The debate about titles is also about cultural competence I think, as well as organizational/advocacy competencies in a political sense. The skill I think is in learning how to be comfortable with using the title when it is appropriate and going without when that is appropriate and there is a learning curve to that, like all clinical skills.

Legend has it that (and it was reality in my experience there) that faculty all used Mr. (and the rarer Mrs...or Ms.!) because the culture assumed everyone had a Ph.D. 😉
 
I had an instance pop up yesterday afternoon that illustrates one of the reasons why this matters. I was asked to be present while a social worker spoke with a very volatile patient about some bad news. The patient has ongoing impulse control and anger problems, and he started to escalate quickly bc he didn't like what he heard from the social worker. We've found the only thing that works (besides 4-pt restraints and/or IM injections) is having an authority figure present and asserting him/herself during the interaction. Anyhow, she started w. "now Mr. (my name) is going to talk to you", which went over like a sack of bricks. When I re-introduced myself I said, "Dr. So and So" and it was like a light switch went off. His affect changed, his voice changed, and he talked to me like a human being. It is amazing how pt interaction changes when titles are used. /anecdotal
 
At my VA site, the doctors (me and the MDs) all refer to each other by our first names. Social Work is on a first-name basis with the doctors. OT calls me by my first name. RT and PT seem to habitually use the "Dr." monniker, in contrast. Not sure why.
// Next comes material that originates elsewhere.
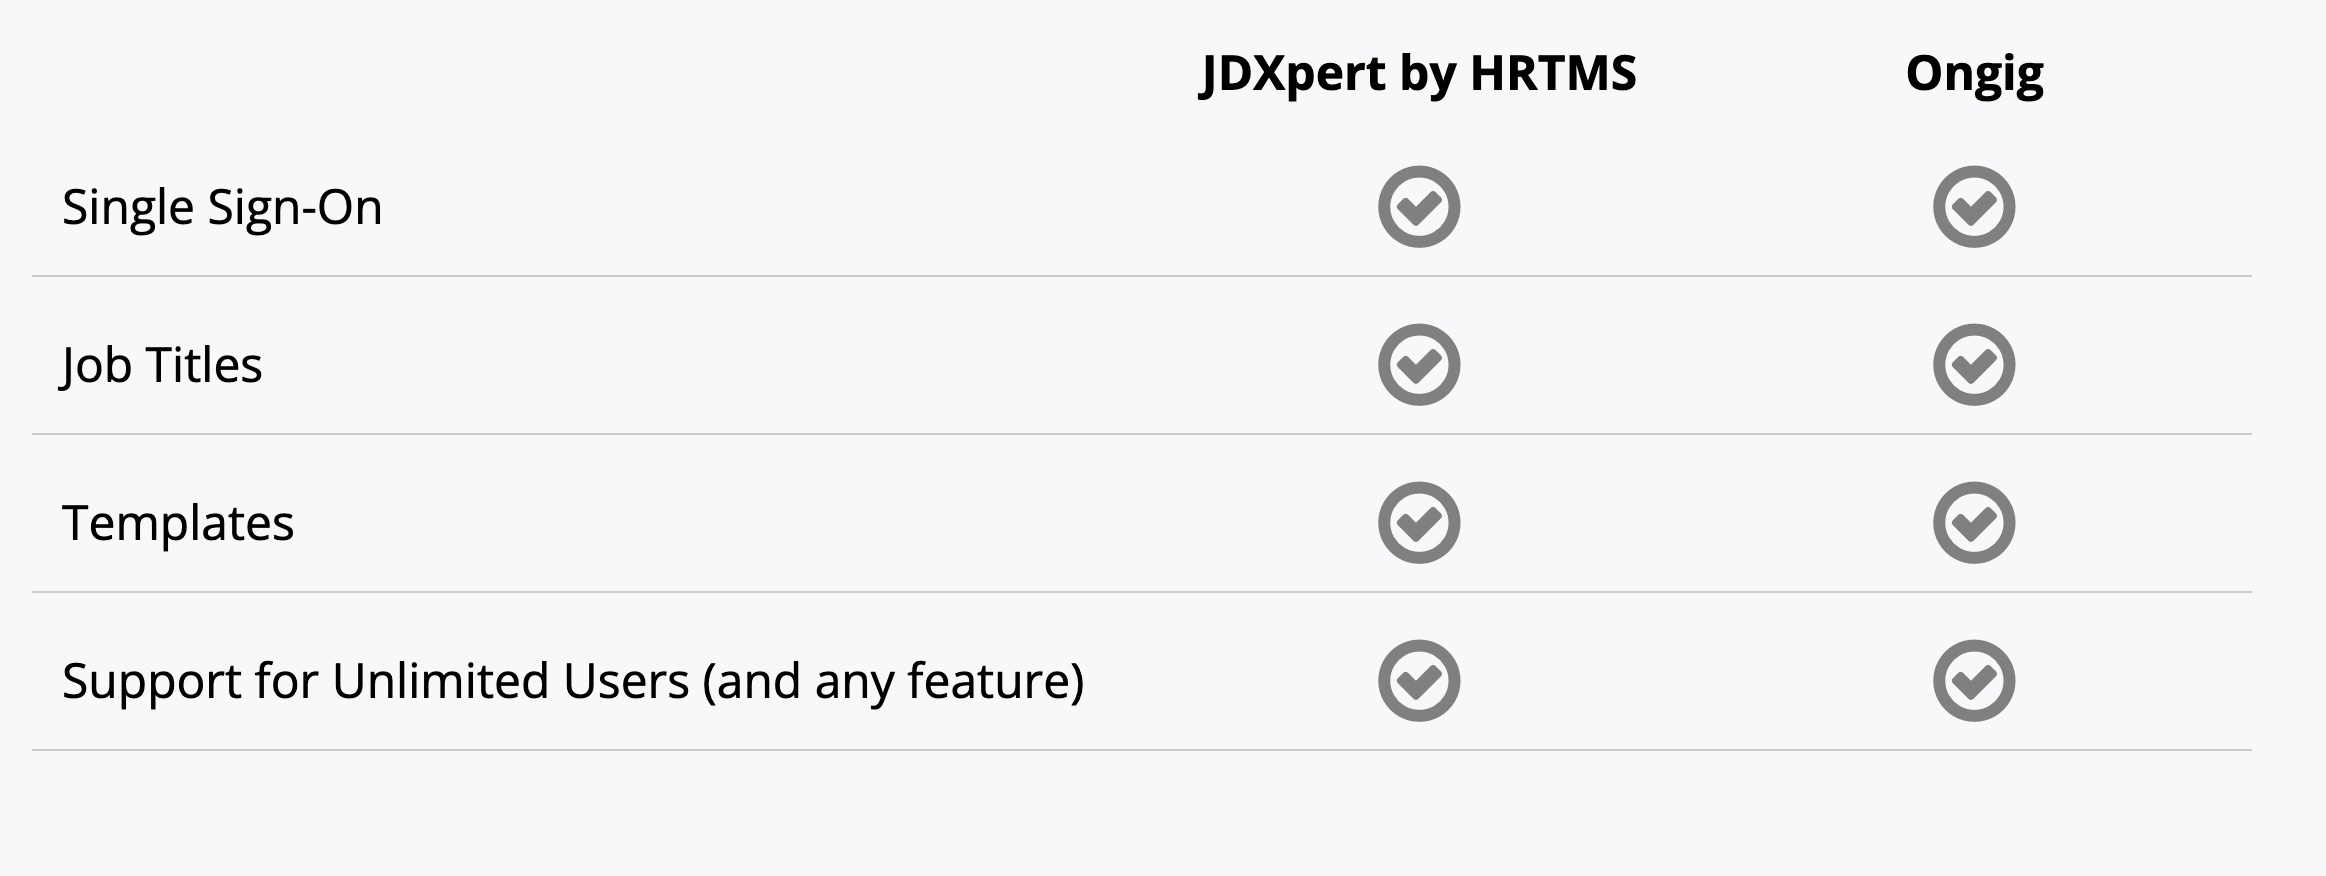 jdxpert-ongig-comparison
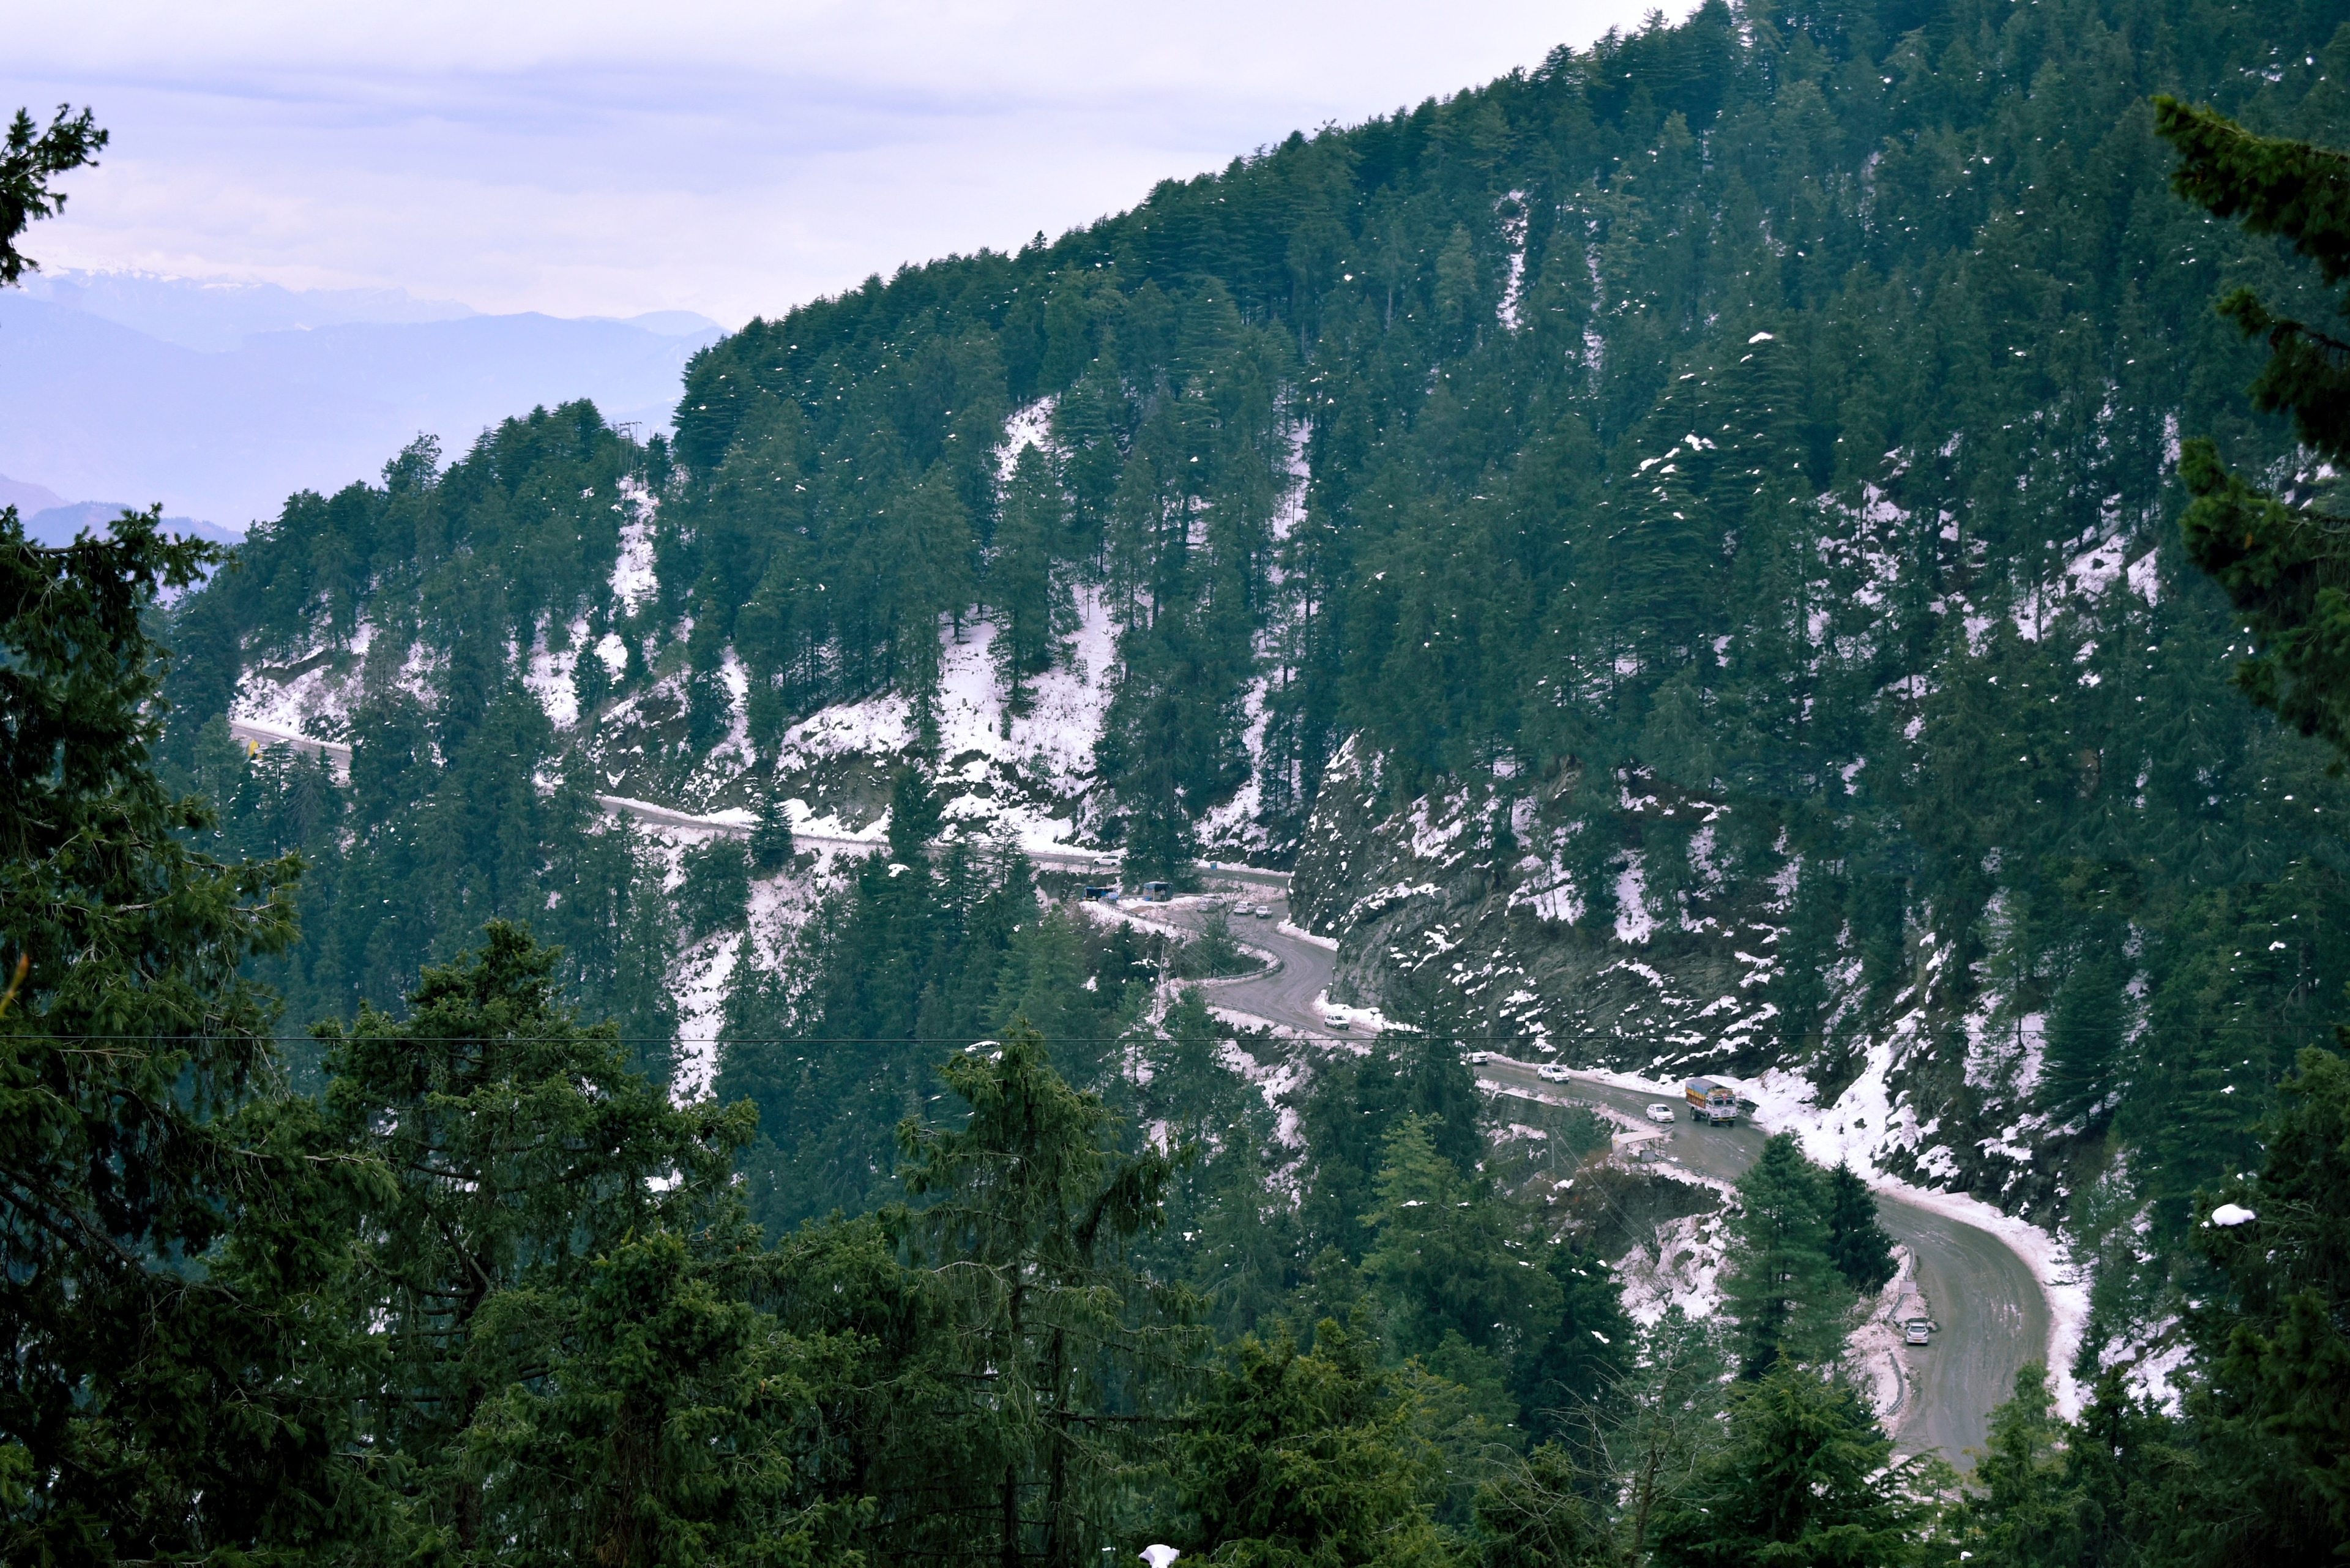 Snowfall in Shimla - Winter Secrets of the Summer Capital of India

With the nursing staff, it's variable. Some of the RNs refer to me as "Dr. so-and-so" without fail. Others (typically administrators) default to the first name. All LVNs and NAs doctor me to death, even the ones I know really well and have occasionally prompted them to call me by my first name (e.g., when we're chatting in the breakroom).

Needless to say, when we're in treatment team meetings or meeting with patients, the "Dr." prefix is always used to refer to me. I think everyone gets that it adds to my authority when I'm identified properly.